Prospective parents who are at risk of having a child with a serious hereditary condition or repeated miscarriages due to chromosomal abnormalities may opt for pre-implantation genetic testing (PGT), also known as embryo selection. It is an IVF treatment in which embryos are screened for known genetic abnormalities, and only embryos without the abnormality are placed in the womb.
Led by geneticist Masoud Zamani Esteki, an affiliated researcher at the Department of Clinical Science, Intervention and Technology, Karolinska Institutet, researchers at Maastricht UMC+ have developed a technique that can analyse the entire genome – all genes and chromosomes – in a single test. This means that any hereditary condition for which help is sought can now be detected faster and more effectively.
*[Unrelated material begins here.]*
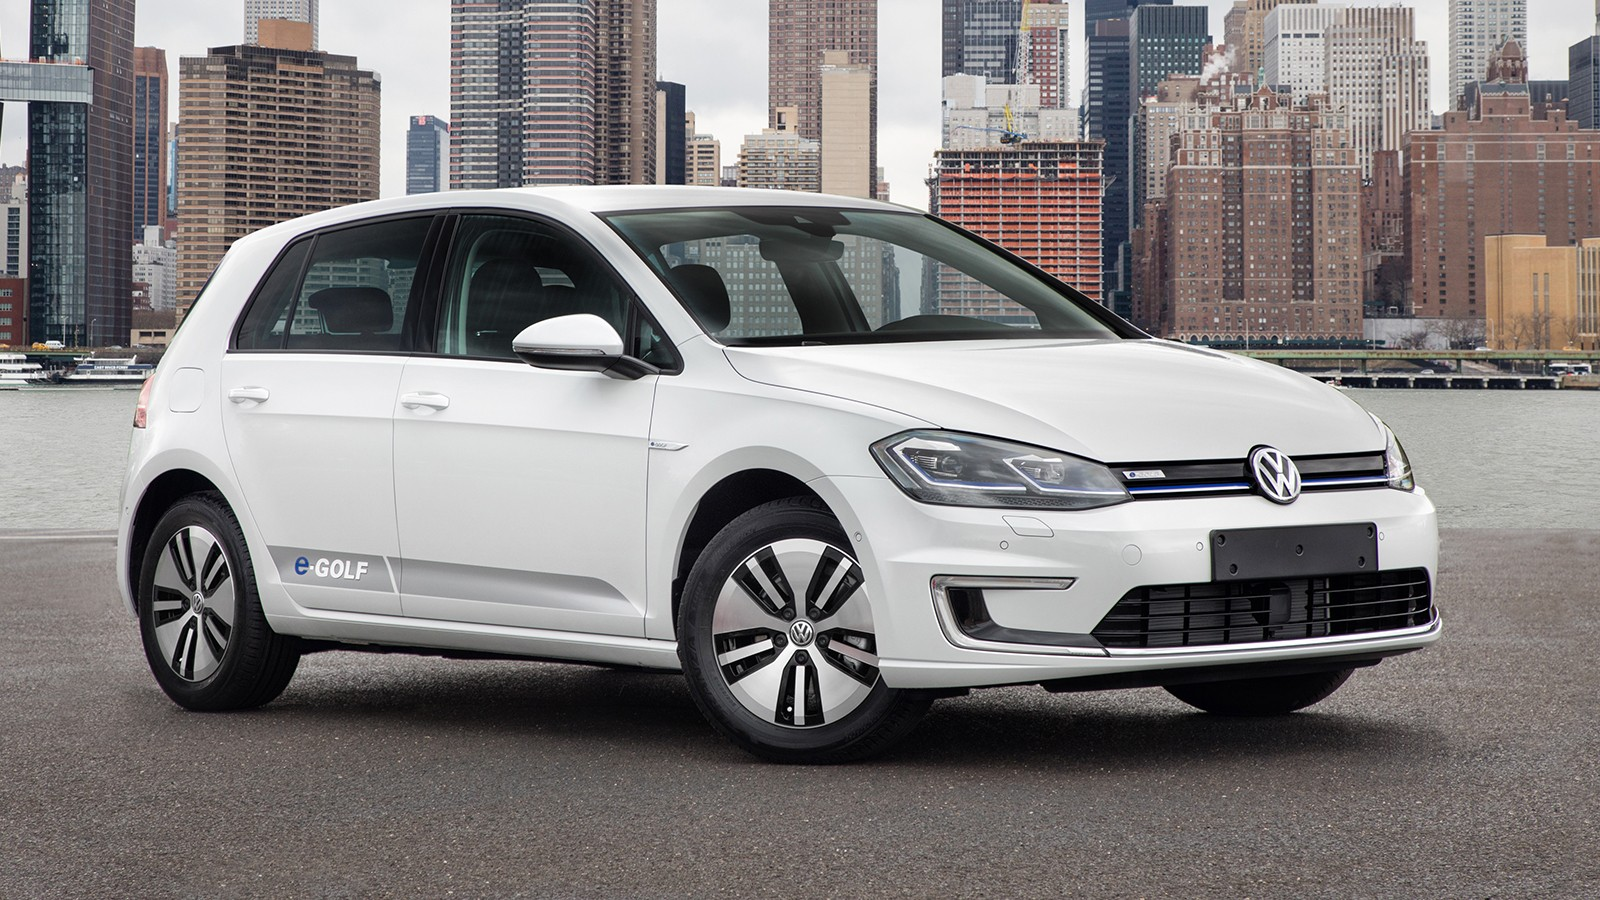 На фото: VW e-Golf

A single test replaces multiple tests
Genetic abnormalities can occur in different places. For example, a change in a single gene can increase the risk of hereditary breast cancer, while a chromosomal abnormality can lead to repeated miscarriages because the embryos are not viable. Previously, different tests were required to detect different types of abnormalities, meaning that each couple needed to undergo a separate genetic examination to decide which test to use. With the new test, which can detect all known types of abnormalities, the preliminary procedure is the same for everyone and much faster.
“With the available tests, we could only examine specific parts of the genetic information in an embryo. This new technique maps all the genetic information in an embryo, which means we do not need to develop a PGT test for each individual condition. In addition, this technique can also detect specific genetic abnormalities, namely those in the DNA outside the cell nucleus (mitochondrial DNA), such as in MELAS syndrome,” says Masoud Zamani Esteki.
More embryos
In addition to being more complete, the new technique is also more accurate than current methods and reveals even the smallest errors in the genetic material.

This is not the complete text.